Carl Smith, a sales executive at General Mills, got the idea of selling a pre-mixed blend of flour, salt, baking powder, and lard to create biscuits from a chef on a train in 1930. After Smith pitched the idea for a biscuit mix to sell, head chemist of General Mills, Charlie Kress, created Bisquick. Bisquick entered the market in 1931. In the 1940s, Bisquick began using "a world of baking in a box," and printed recipes for other baked goods such as dumplings, muffins, and coffee cake.

In 1933, Pittsburgh molasses company, P. Duff and Sons, patented the first cake mix after blending dehydrated molasses with dehydrated flour, sugar, eggs, and other ingredients.
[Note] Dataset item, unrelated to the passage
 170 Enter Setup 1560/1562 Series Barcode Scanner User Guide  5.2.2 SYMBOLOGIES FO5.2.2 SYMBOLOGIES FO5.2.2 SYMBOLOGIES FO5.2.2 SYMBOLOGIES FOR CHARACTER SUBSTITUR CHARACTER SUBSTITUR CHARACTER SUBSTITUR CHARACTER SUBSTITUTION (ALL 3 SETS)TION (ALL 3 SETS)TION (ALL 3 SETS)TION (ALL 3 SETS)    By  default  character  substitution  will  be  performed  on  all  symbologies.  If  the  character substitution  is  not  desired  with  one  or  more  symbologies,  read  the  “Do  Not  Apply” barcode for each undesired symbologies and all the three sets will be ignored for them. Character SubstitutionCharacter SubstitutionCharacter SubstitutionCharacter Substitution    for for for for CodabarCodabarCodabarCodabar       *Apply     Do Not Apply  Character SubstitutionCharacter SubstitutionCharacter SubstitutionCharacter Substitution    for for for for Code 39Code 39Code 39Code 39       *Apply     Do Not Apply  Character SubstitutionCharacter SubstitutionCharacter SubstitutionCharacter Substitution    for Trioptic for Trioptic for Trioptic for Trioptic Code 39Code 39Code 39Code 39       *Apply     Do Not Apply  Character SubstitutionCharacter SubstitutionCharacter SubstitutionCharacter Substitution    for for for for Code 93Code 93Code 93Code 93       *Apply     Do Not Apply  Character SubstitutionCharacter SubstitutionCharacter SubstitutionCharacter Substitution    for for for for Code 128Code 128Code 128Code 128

P. Duff and Sons created the cake mix to move surplus molasses, requiring 100 pounds of molasses for every 100 pounds of wheat flour.
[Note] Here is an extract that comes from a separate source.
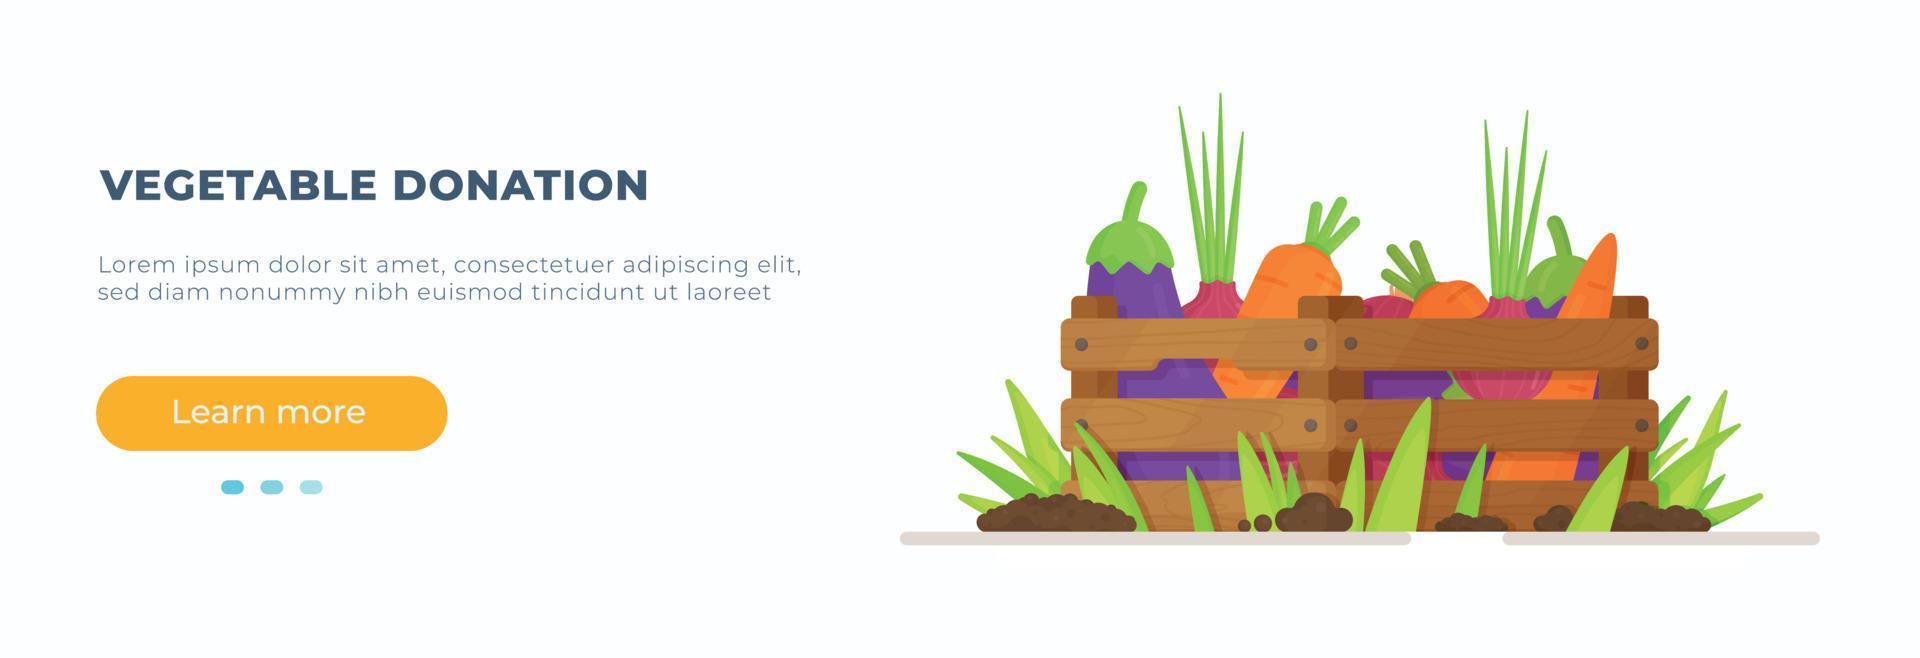 Vector illustration of harvesting the old crop and planting the new one. Gardening in a vegetable garden or orchard.

After World War Two, flour companies such as General Mills, and Pillsbury, began selling cake mixes due to the surplus of flour. By the 1950s, there were hundreds of cake mix companies. In 1948, Pillsbury introduced the first chocolate cake mix.

== Use of eggs ==
The Duff company patented a baking mixture requiring fresh eggs in 1935 with writing in the patent application, “The housewife and the purchasing public in general seem to prefer fresh eggs and hence the use of dried or powdered eggs is somewhat of a handicap from a psychological standpoint."

Other companies would continue to use powdered eggs in their bakery mixes, and it's not until sales flattened between 1956 and 1960 that major food companies would revise their formula to incorporate fresh eggs. Ernest Dichter, an analyst for General Mills, interviewed women that used the cake mixes and reported that the simplicity of the mixes made women feel too self indulgent because there wasn't enough work involved.

While some say that the difference caused by using fresh eggs was purely psychological, others argued that the inclusion of fresh eggs simply created better products. The cake mix with dried eggs frequently tasted of eggs, stuck to the pan and had poorer texture.